**PROBLEM TO SOLVE:** Write out the data below in full, unchanged, minus the images.

━━━━━━━━

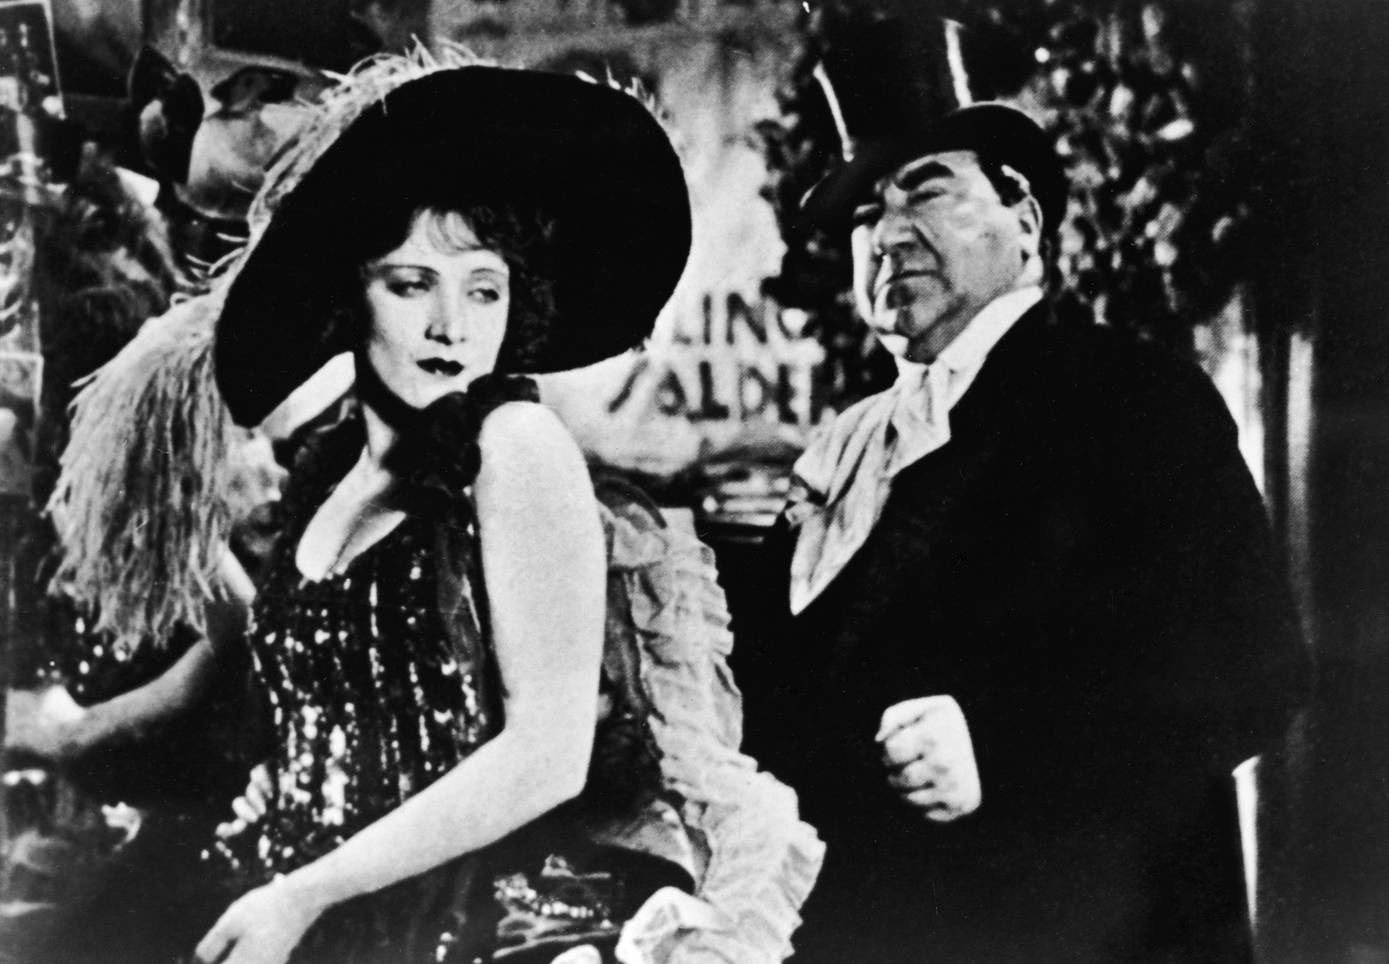 Marlene Dietrich and Kurt Gerron in the "Blue Angel".
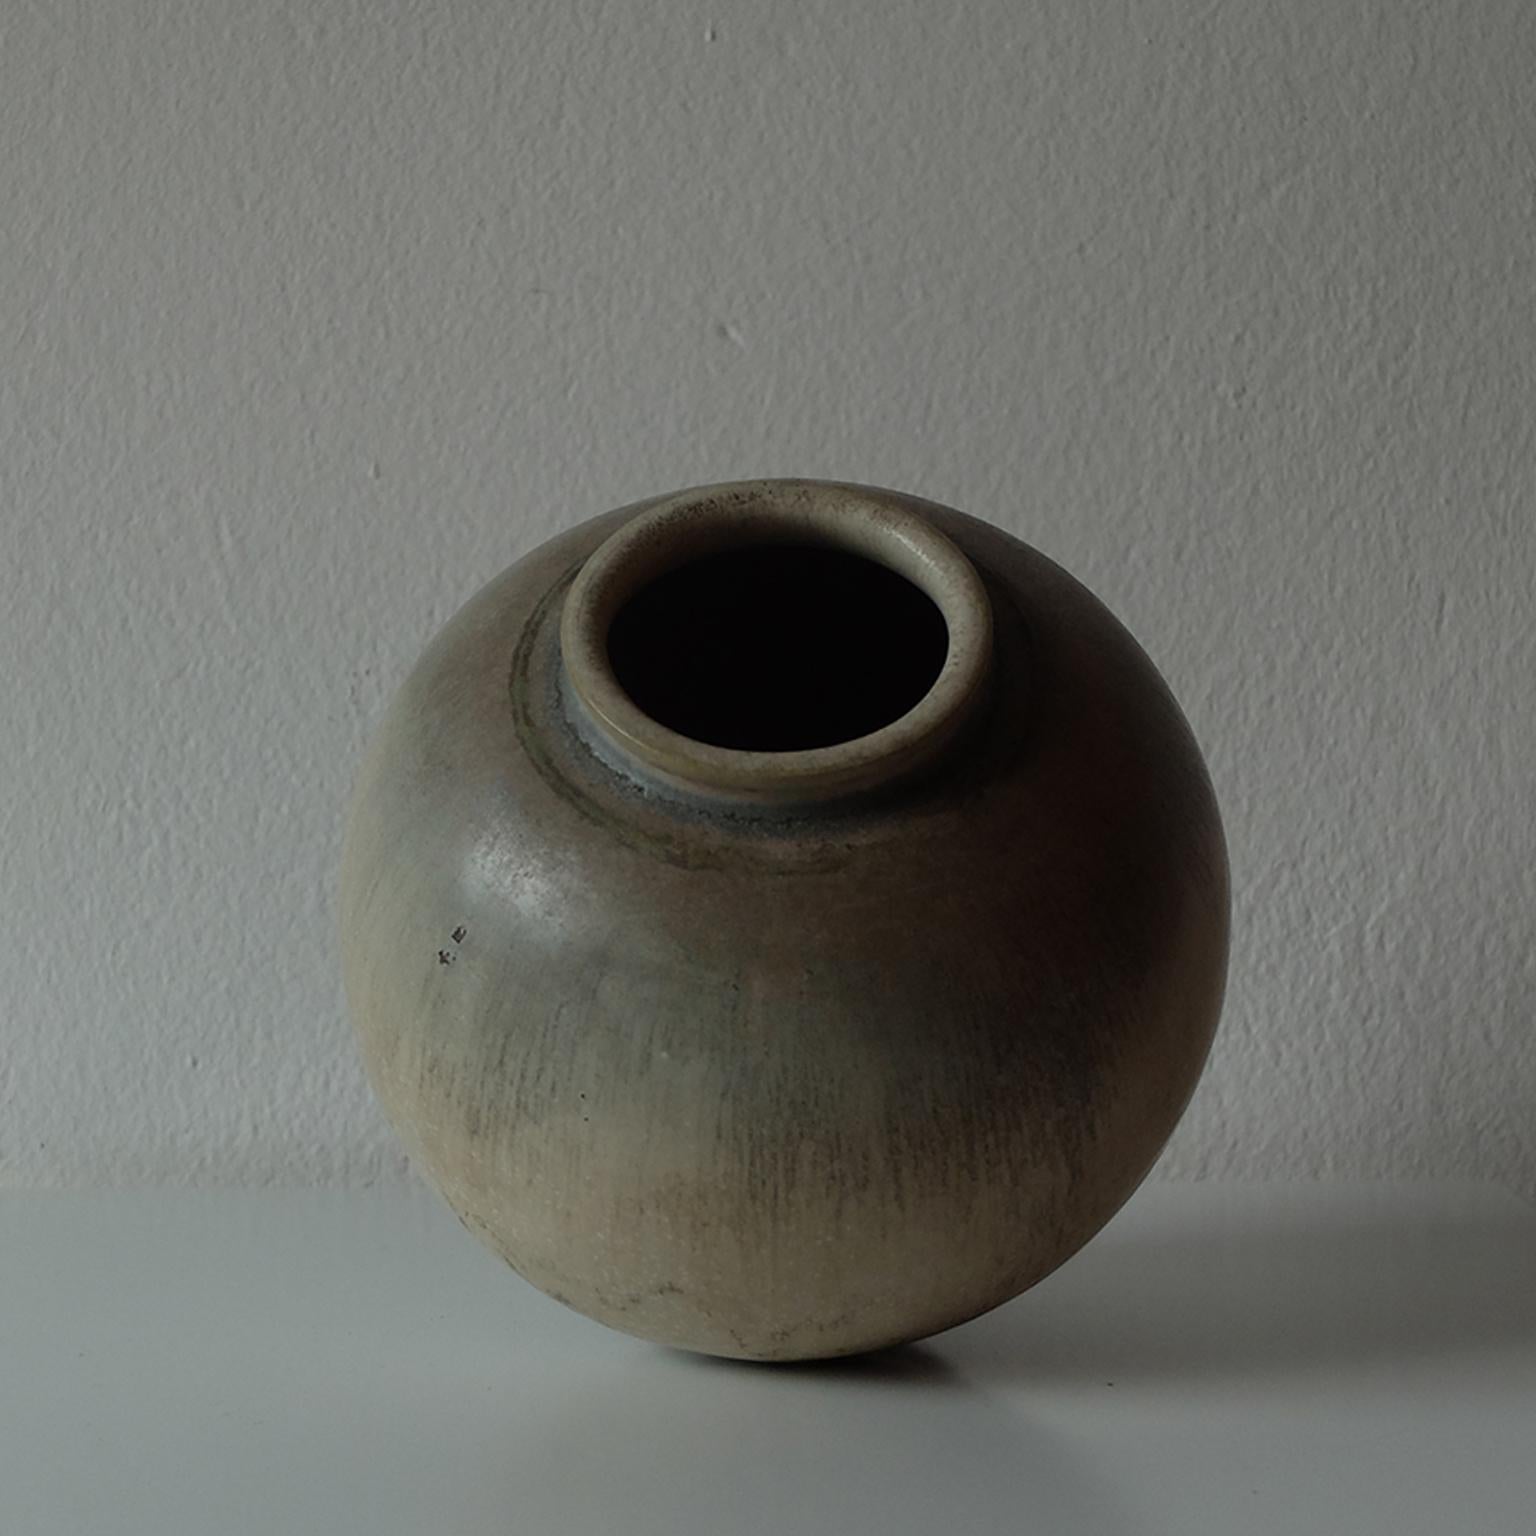 Scandinavian Modern Nils Thorsson for Royal Copenhagen, Glazed Ceramic Vase, 1940s
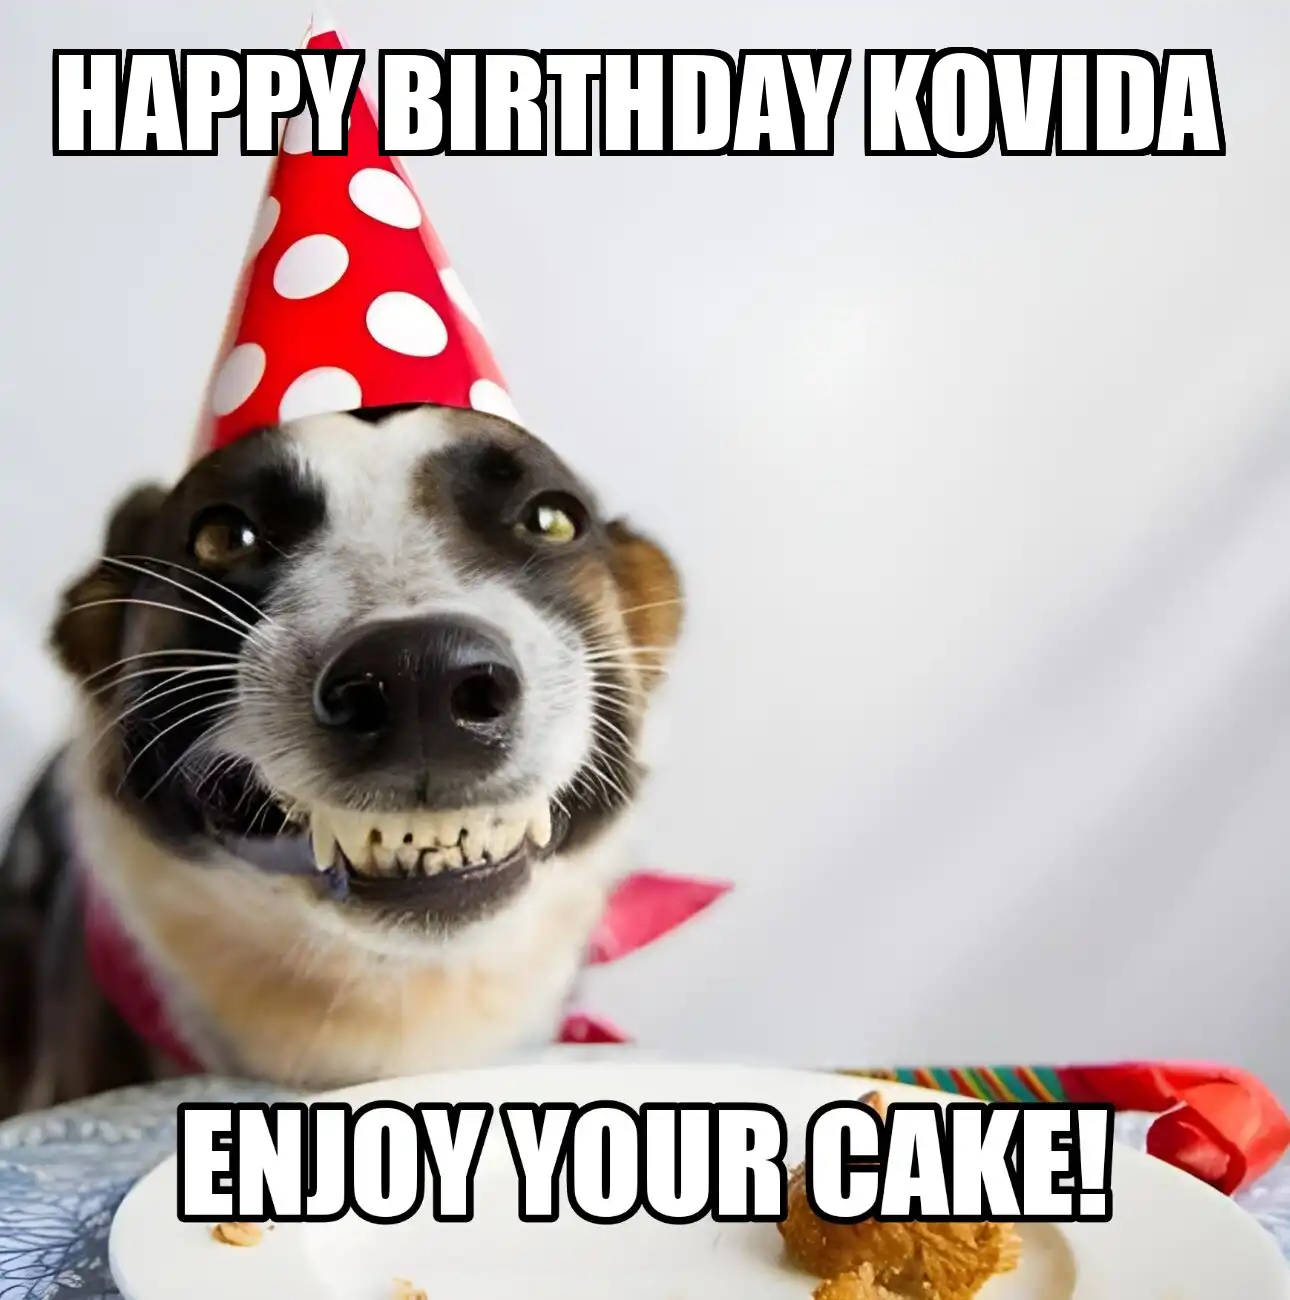 Happy Birthday Kovida Enjoy Your Cake Dog Meme
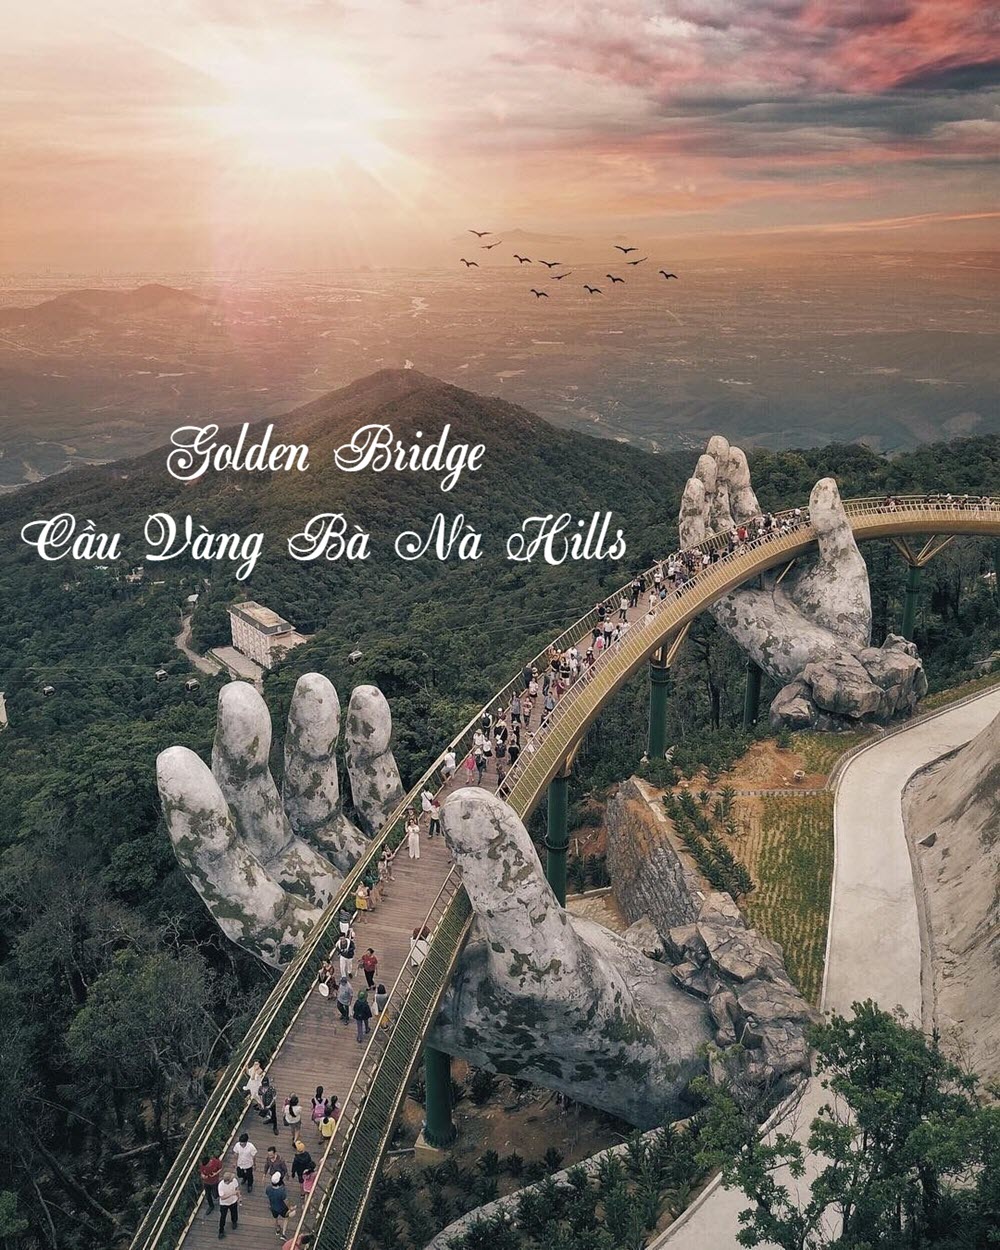 Golden Bridge - Công trình biểu tượng Cầu Vàng Bà Nà Hills
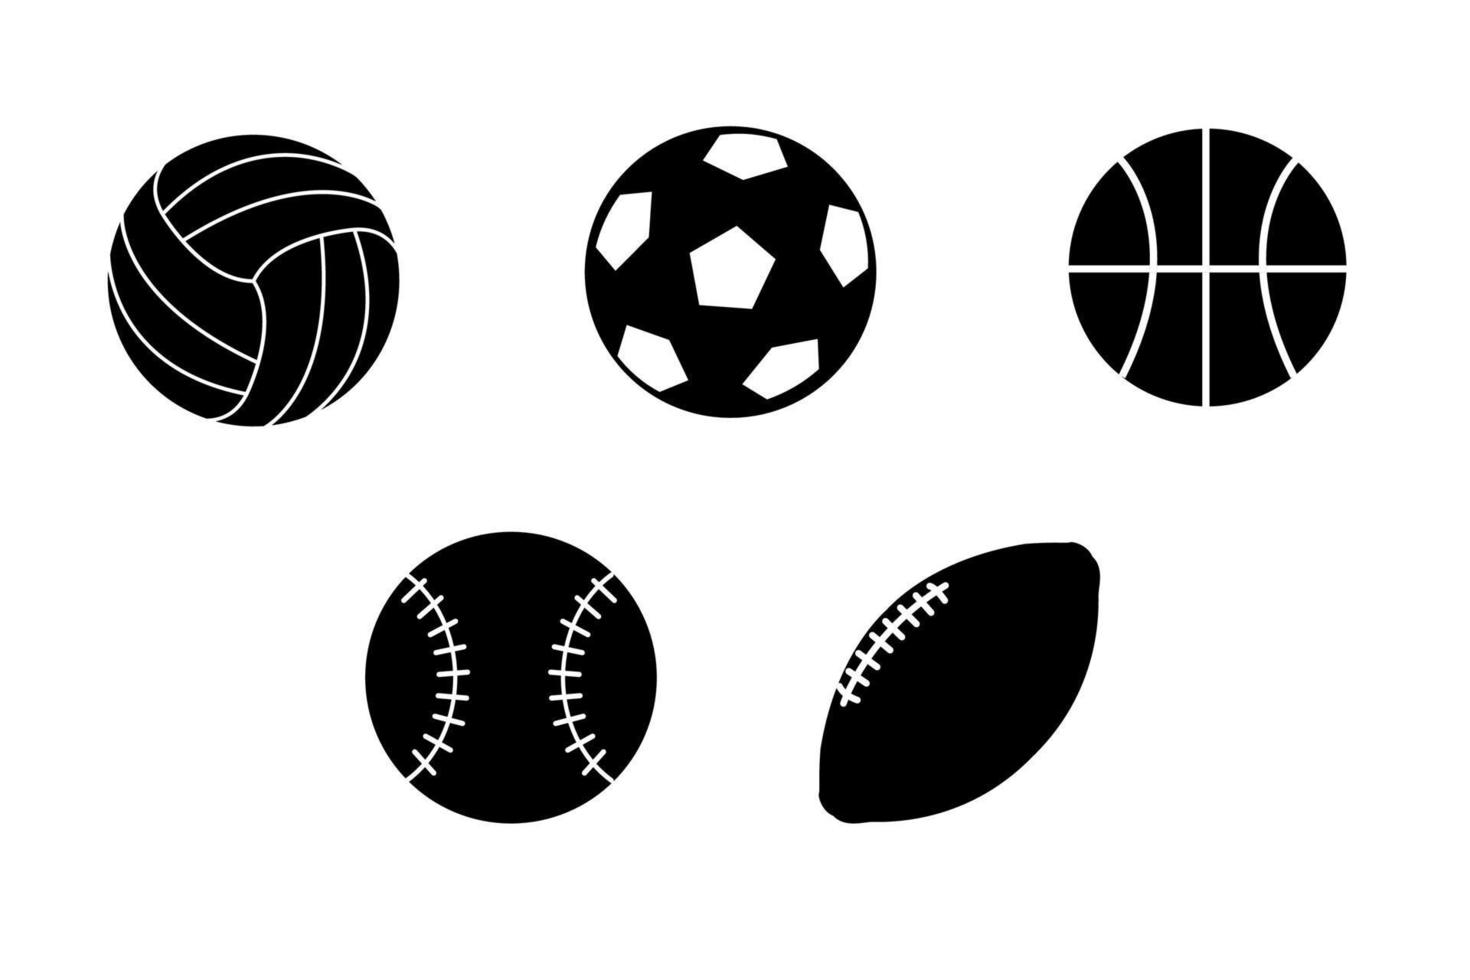 en uppsättning av vektor sporter boll ikoner. svart bollar för fotboll, volleyboll, tennis, basketboll, rugby. boll ikoner isolerat på en vit bakgrund.

━━━━━━━━

**EXPECTED ANSWER:**
 Marlene Dietrich and Kurt Gerron in the "Blue Angel".
 Scandinavian Modern Nils Thorsson for Royal Copenhagen, Glazed Ceramic Vase, 1940s
 Happy Birthday Kovida Enjoy Your Cake Dog Meme
 Golden Bridge - Công trình biểu tượng Cầu Vàng Bà Nà Hills
 en uppsättning av vektor sporter boll ikoner. svart bollar för fotboll, volleyboll, tennis, basketboll, rugby. boll ikoner isolerat på en vit bakgrund.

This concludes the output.